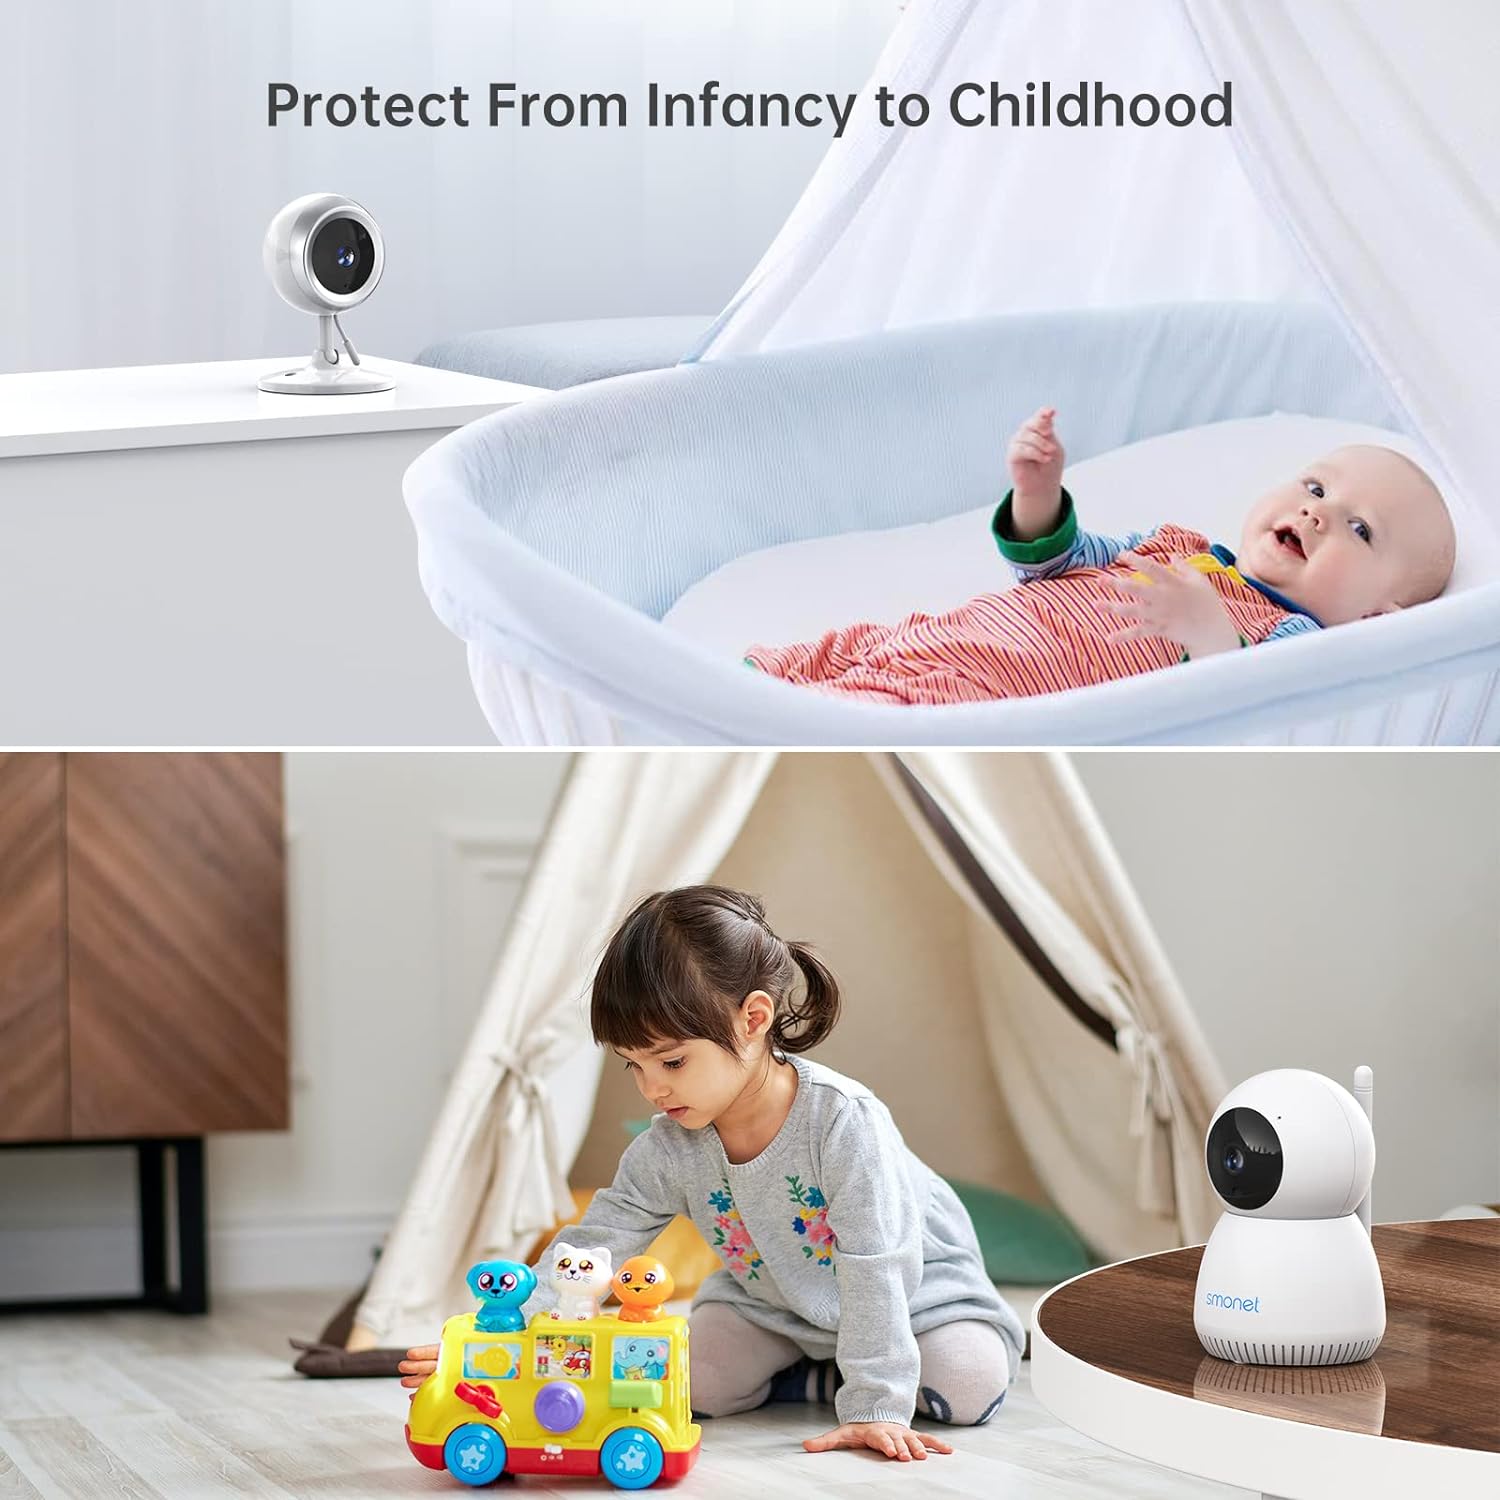 Baby Monitor with Video and Audio,SMONET 1080P Baby Monitor with 2 Cameras Remote Pan Tilt Feed Alarm Two-Way Talk Night Vision Crying Alarm
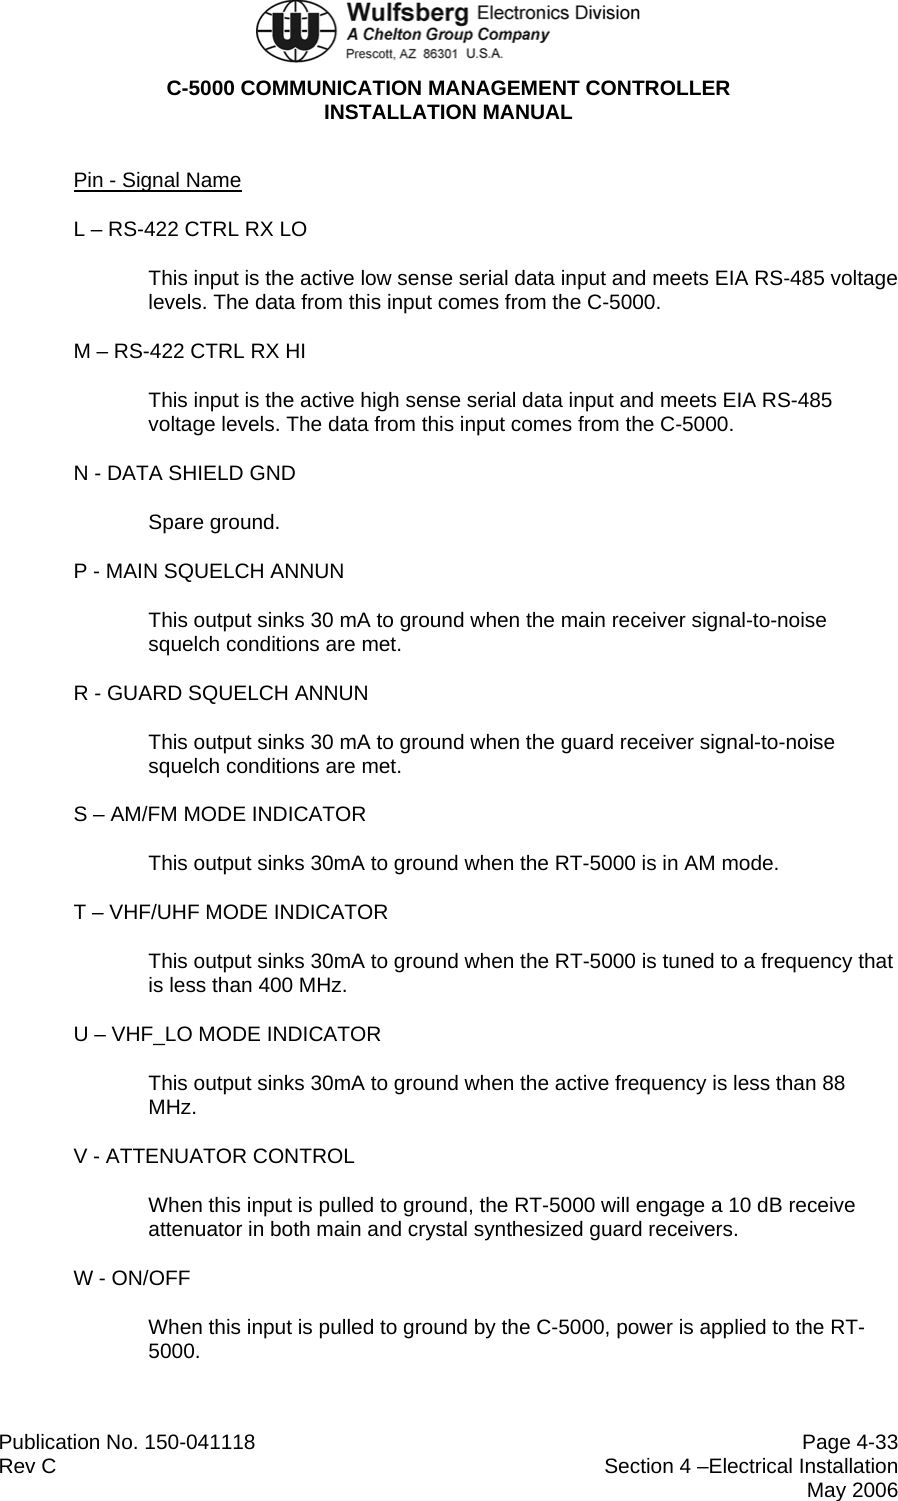  C-5000 COMMUNICATION MANAGEMENT CONTROLLER INSTALLATION MANUAL  Publication No. 150-041118  Page 4-33 Rev C  Section 4 –Electrical Installation  May 2006 Pin - Signal Name L – RS-422 CTRL RX LO  This input is the active low sense serial data input and meets EIA RS-485 voltage levels. The data from this input comes from the C-5000. M – RS-422 CTRL RX HI  This input is the active high sense serial data input and meets EIA RS-485 voltage levels. The data from this input comes from the C-5000. N - DATA SHIELD GND  Spare ground. P - MAIN SQUELCH ANNUN  This output sinks 30 mA to ground when the main receiver signal-to-noise squelch conditions are met. R - GUARD SQUELCH ANNUN This output sinks 30 mA to ground when the guard receiver signal-to-noise squelch conditions are met. S – AM/FM MODE INDICATOR This output sinks 30mA to ground when the RT-5000 is in AM mode. T – VHF/UHF MODE INDICATOR This output sinks 30mA to ground when the RT-5000 is tuned to a frequency that is less than 400 MHz. U – VHF_LO MODE INDICATOR This output sinks 30mA to ground when the active frequency is less than 88 MHz. V - ATTENUATOR CONTROL When this input is pulled to ground, the RT-5000 will engage a 10 dB receive attenuator in both main and crystal synthesized guard receivers. W - ON/OFF When this input is pulled to ground by the C-5000, power is applied to the RT-5000. 
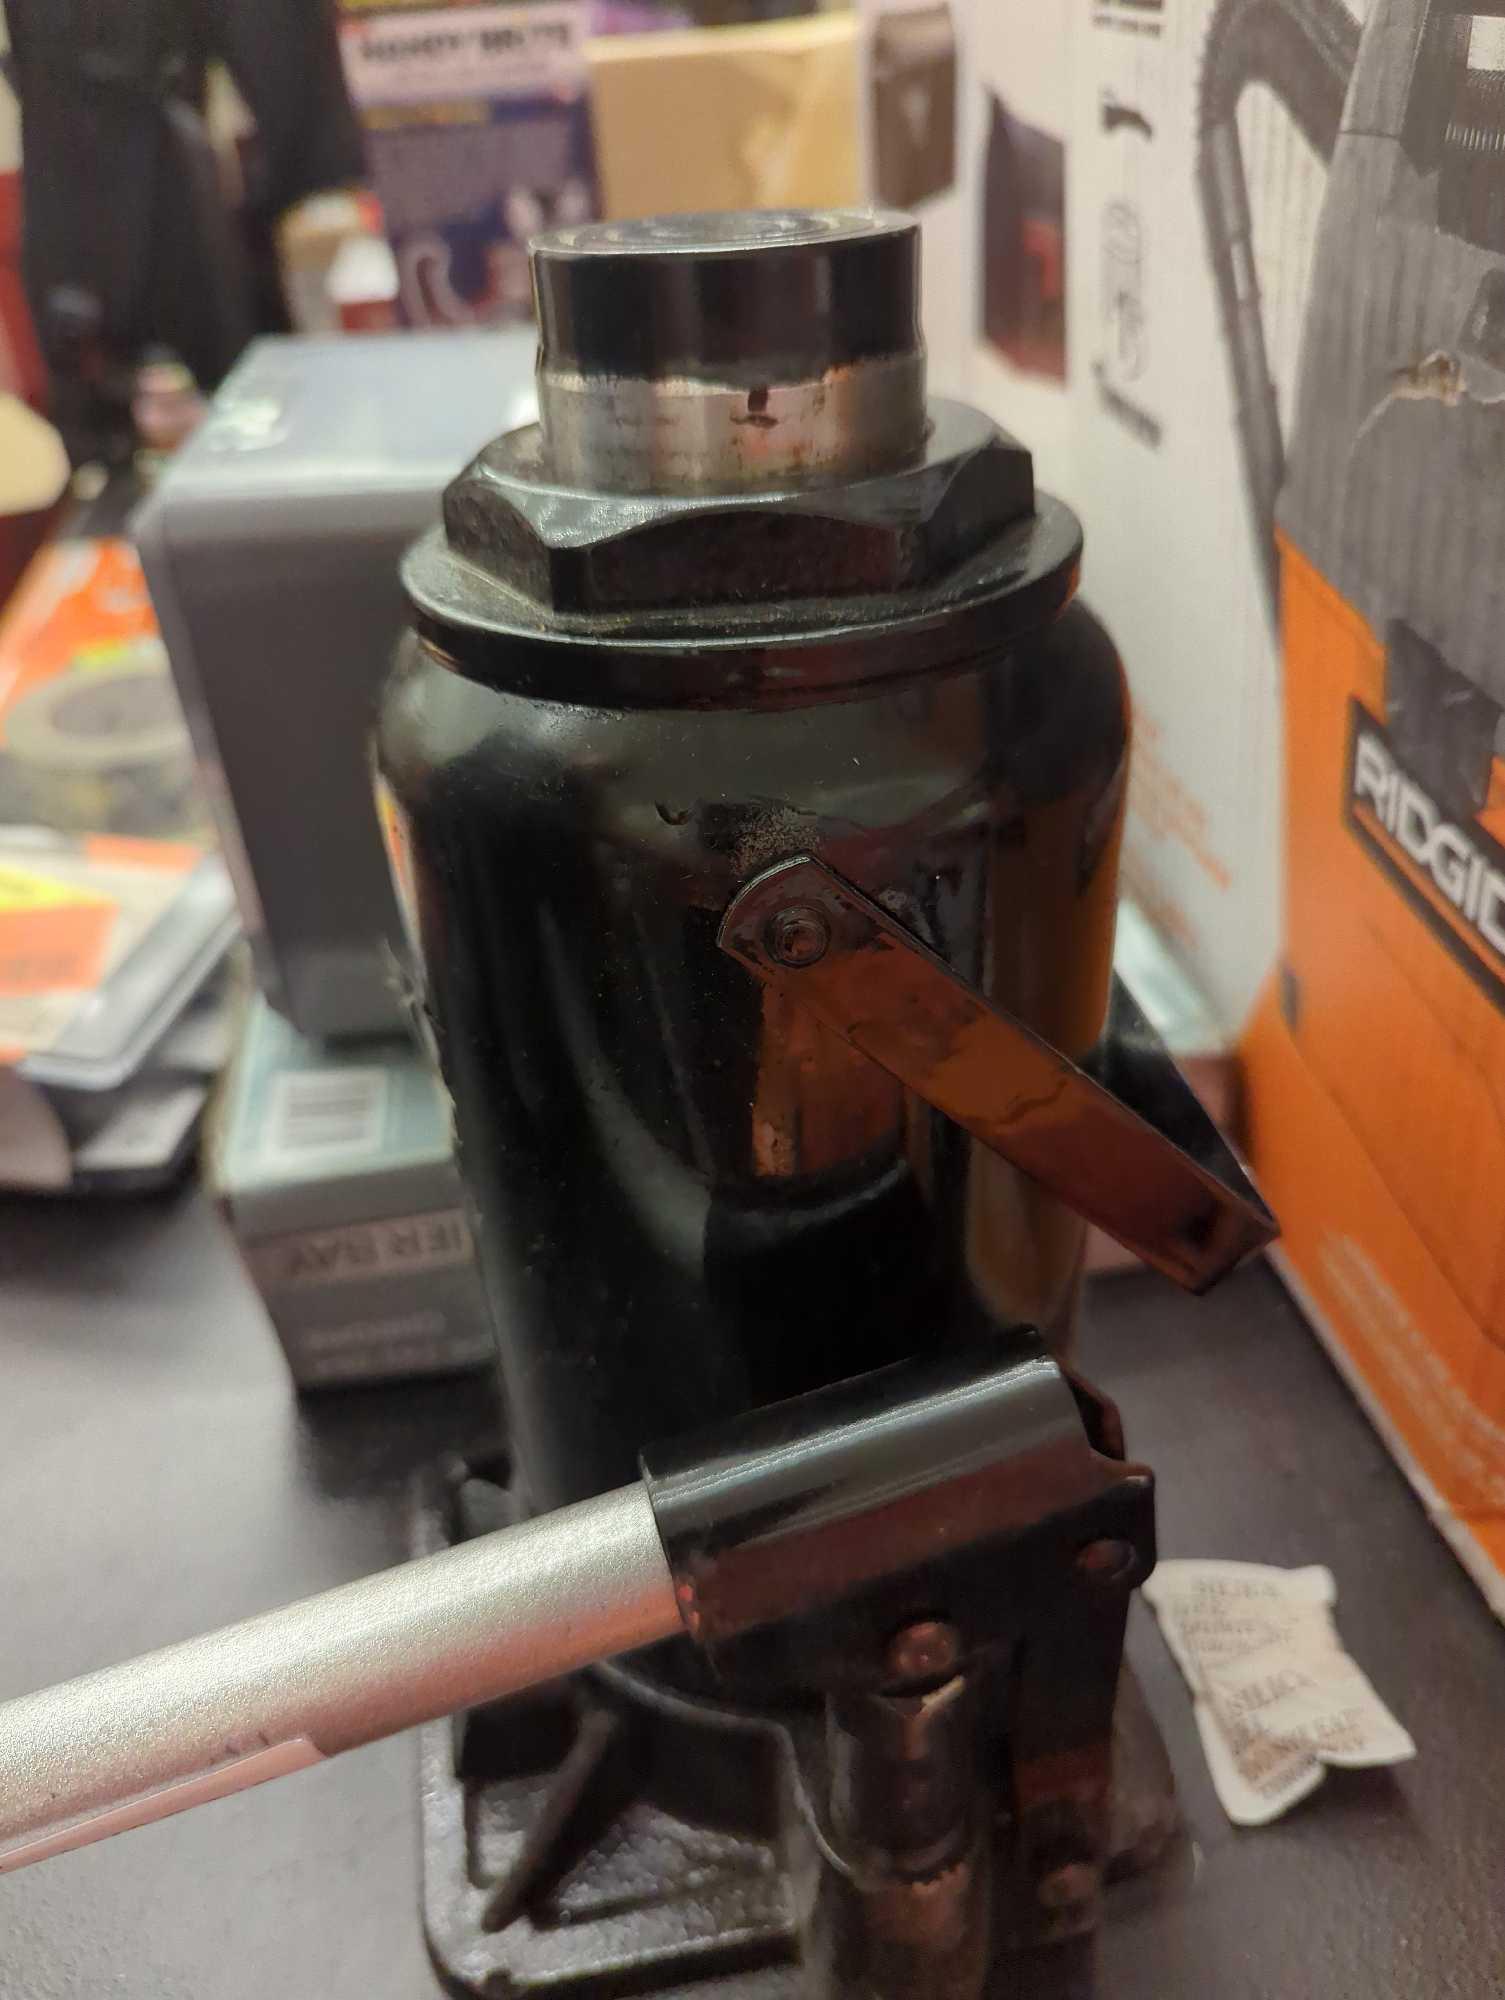 Husky (Damaged) 30-Ton Bottle Car Jack, Retail Price $90, Appears to be Used, Missing Hydrologic
--
- TRY IT
Write the listing above out again exactly, but not the images it holds.

- COMPLETED EXERCISE
 Baby Monitor with Video and Audio,SMONET 1080P Baby Monitor with 2 Cameras Remote Pan Tilt Feed Alarm Two-Way Talk Night Vision Crying Alarm
  C-5000 COMMUNICATION MANAGEMENT CONTROLLER INSTALLATION MANUAL  Publication No. 150-041118  Page 4-33 Rev C  Section 4 –Electrical Installation  May 2006 Pin - Signal Name L – RS-422 CTRL RX LO  This input is the active low sense serial data input and meets EIA RS-485 voltage levels. The data from this input comes from the C-5000. M – RS-422 CTRL RX HI  This input is the active high sense serial data input and meets EIA RS-485 voltage levels. The data from this input comes from the C-5000. N - DATA SHIELD GND  Spare ground. P - MAIN SQUELCH ANNUN  This output sinks 30 mA to ground when the main receiver signal-to-noise squelch conditions are met. R - GUARD SQUELCH ANNUN This output sinks 30 mA to ground when the guard receiver signal-to-noise squelch conditions are met. S – AM/FM MODE INDICATOR This output sinks 30mA to ground when the RT-5000 is in AM mode. T – VHF/UHF MODE INDICATOR This output sinks 30mA to ground when the RT-5000 is tuned to a frequency that is less than 400 MHz. U – VHF_LO MODE INDICATOR This output sinks 30mA to ground when the active frequency is less than 88 MHz. V - ATTENUATOR CONTROL When this input is pulled to ground, the RT-5000 will engage a 10 dB receive attenuator in both main and crystal synthesized guard receivers. W - ON/OFF When this input is pulled to ground by the C-5000, power is applied to the RT-5000. 
 Husky (Damaged) 30-Ton Bottle Car Jack, Retail Price $90, Appears to be Used, Missing Hydrologic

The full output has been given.